Will you write out, word for word, every line from the one with "WW II veteran" to the final line of the data below, with the pictures left out?
== COLLECTED DATA ==
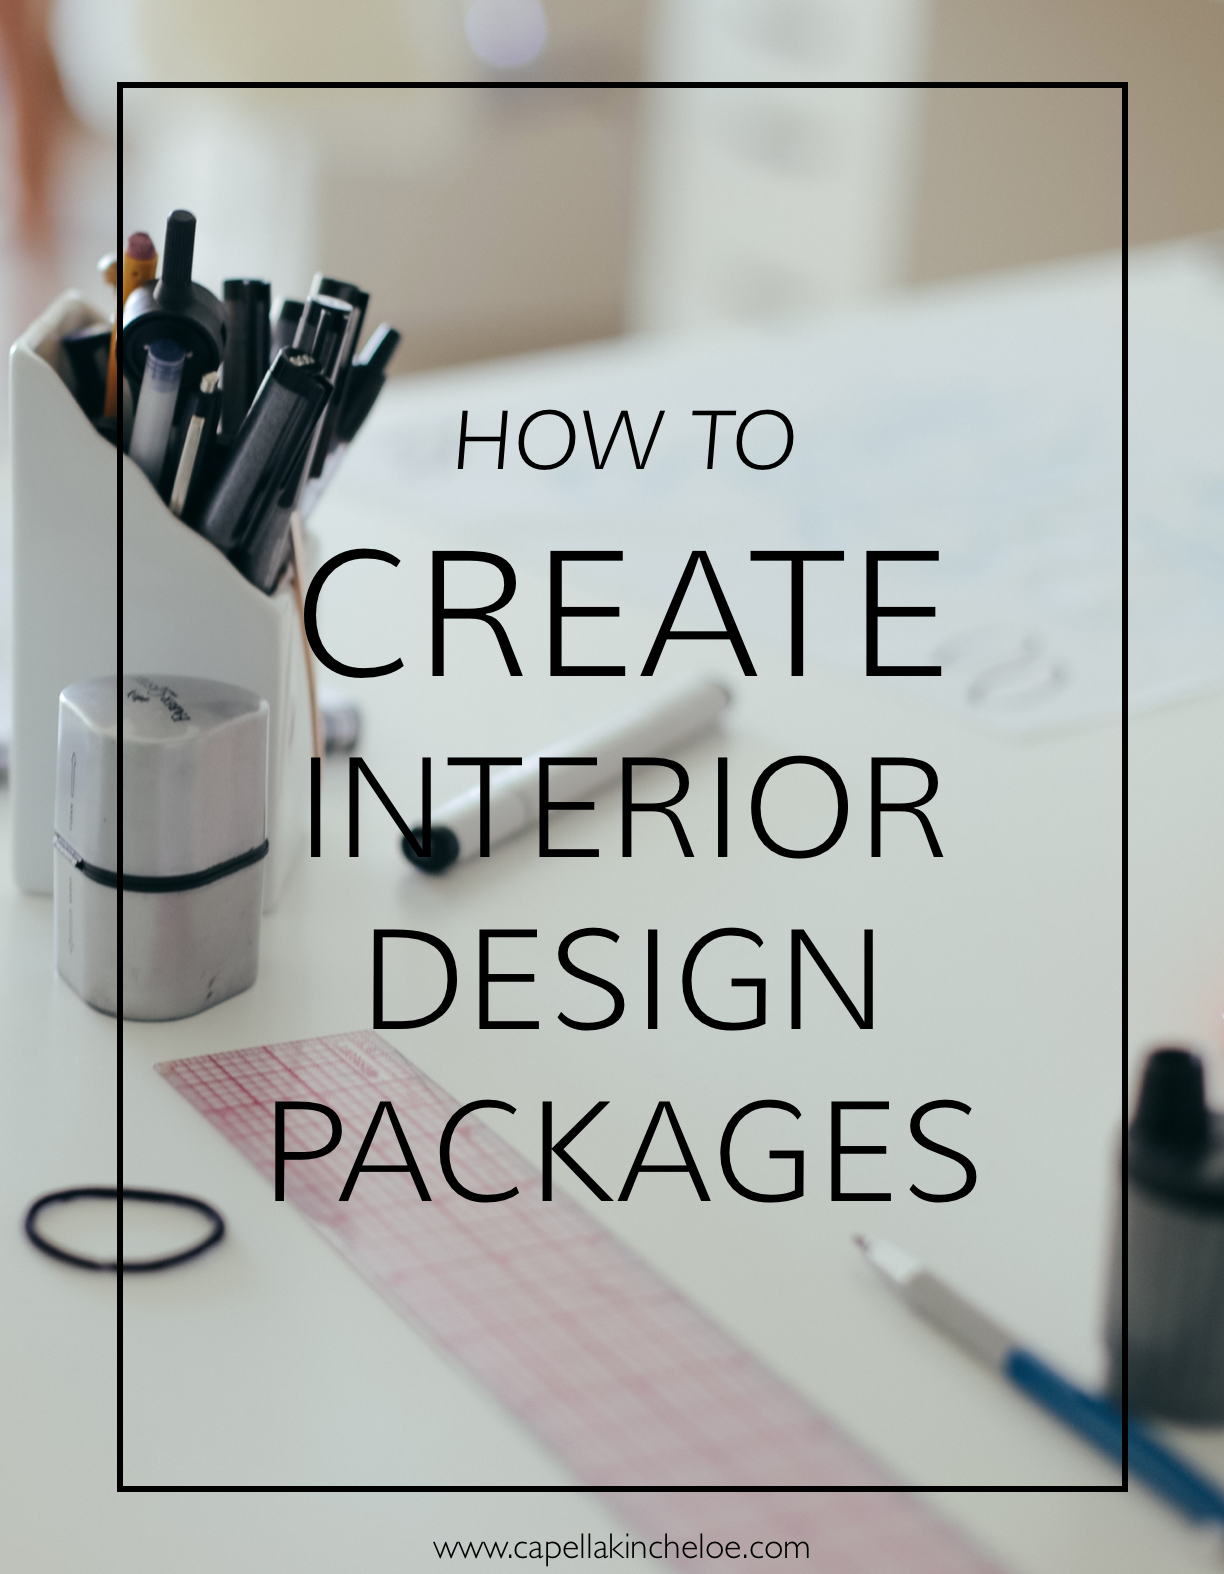 How to Create Interior Design Packages
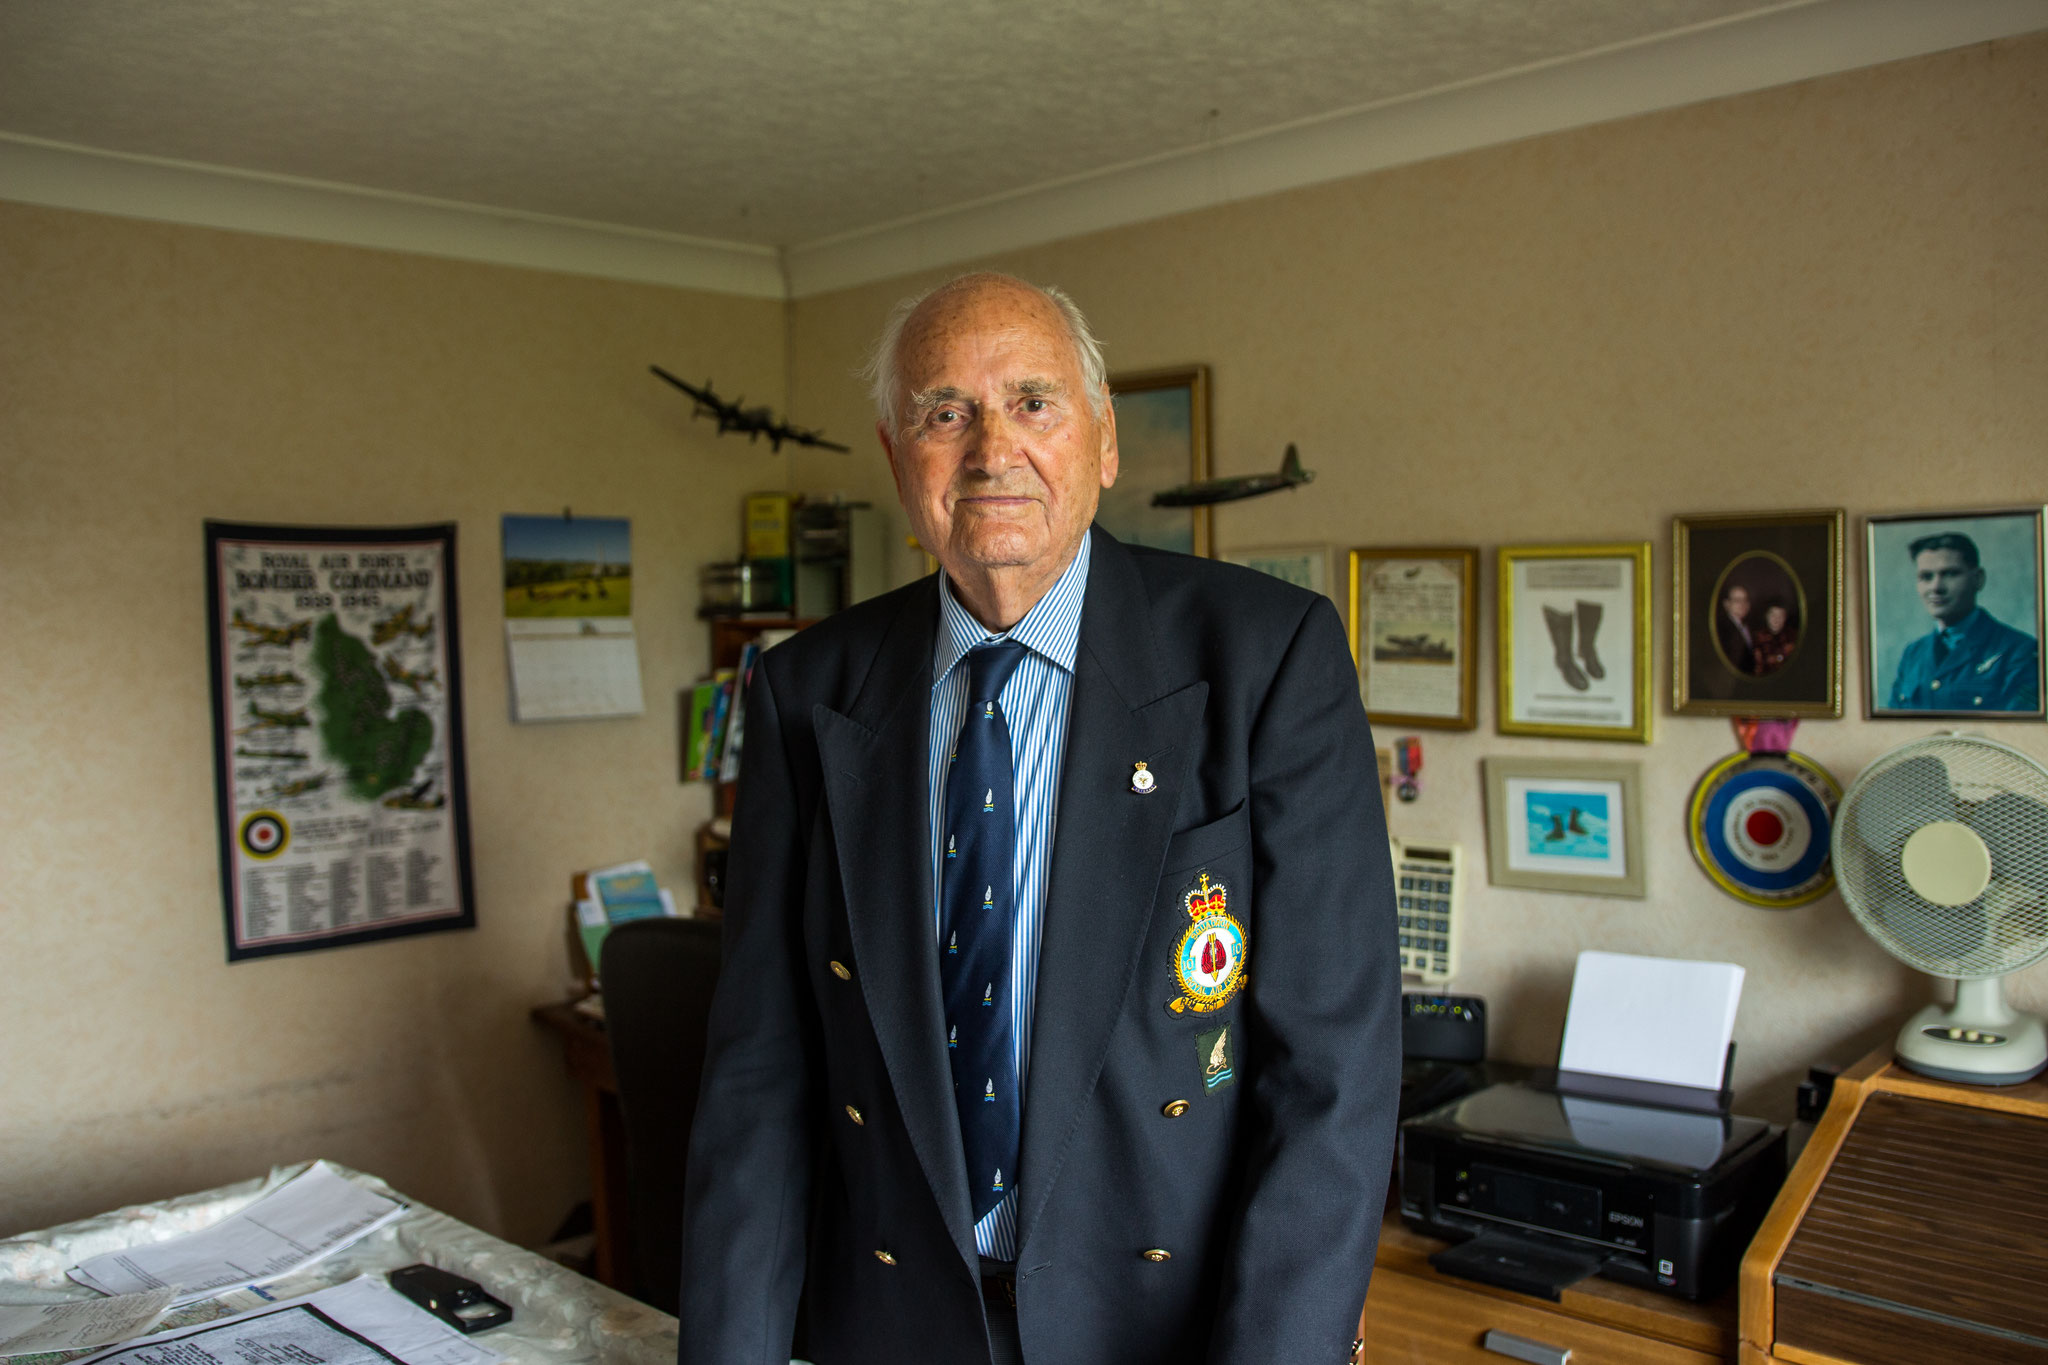 WW II veteran Ron Tomlin in his home in Birmingham, July 2018. Tomlin was one of the Royal Airforce soldiers who bombarded the city of Hamburg during Operation 'Gomorrha' 1943. 
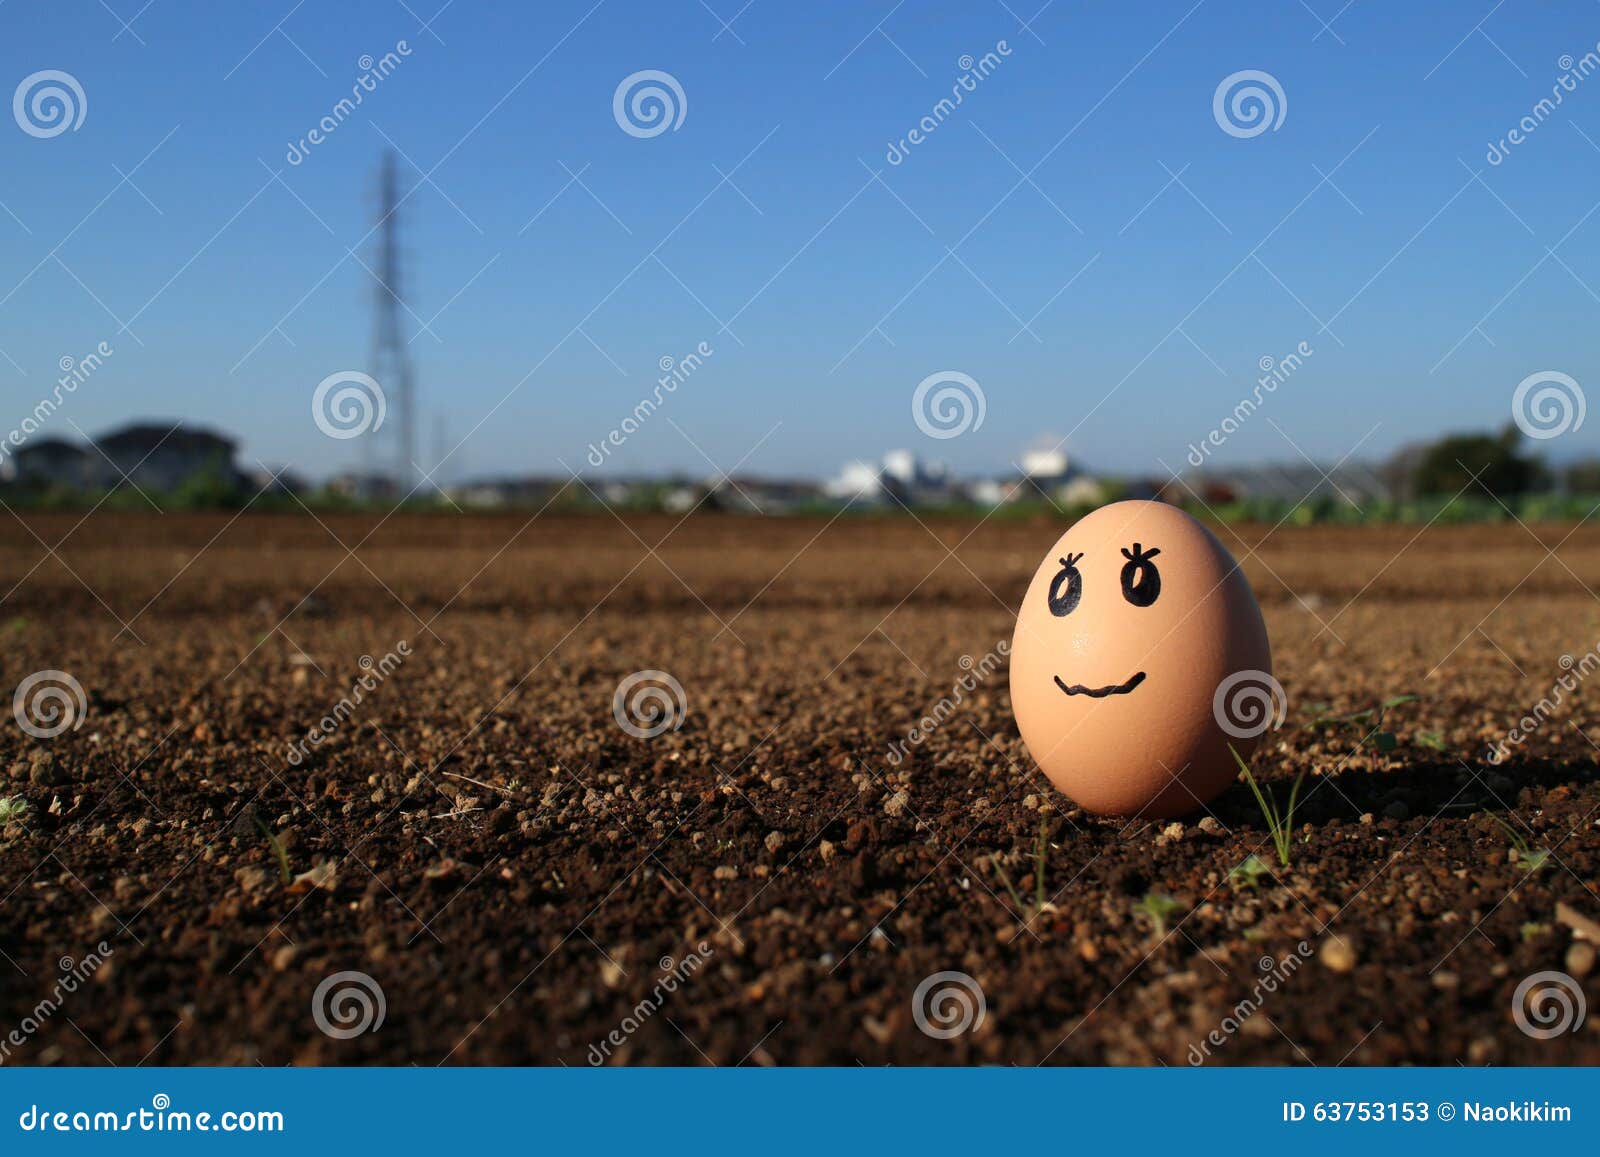 Thinking Egg Standing on the Soil Field Stock Image - Image of creativity,  isolated: 63753153
===
» OUTPUT OF THE EXERCISE:
 WW II veteran Ron Tomlin in his home in Birmingham, July 2018. Tomlin was one of the Royal Airforce soldiers who bombarded the city of Hamburg during Operation 'Gomorrha' 1943. 
 Thinking Egg Standing on the Soil Field Stock Image - Image of creativity,  isolated: 63753153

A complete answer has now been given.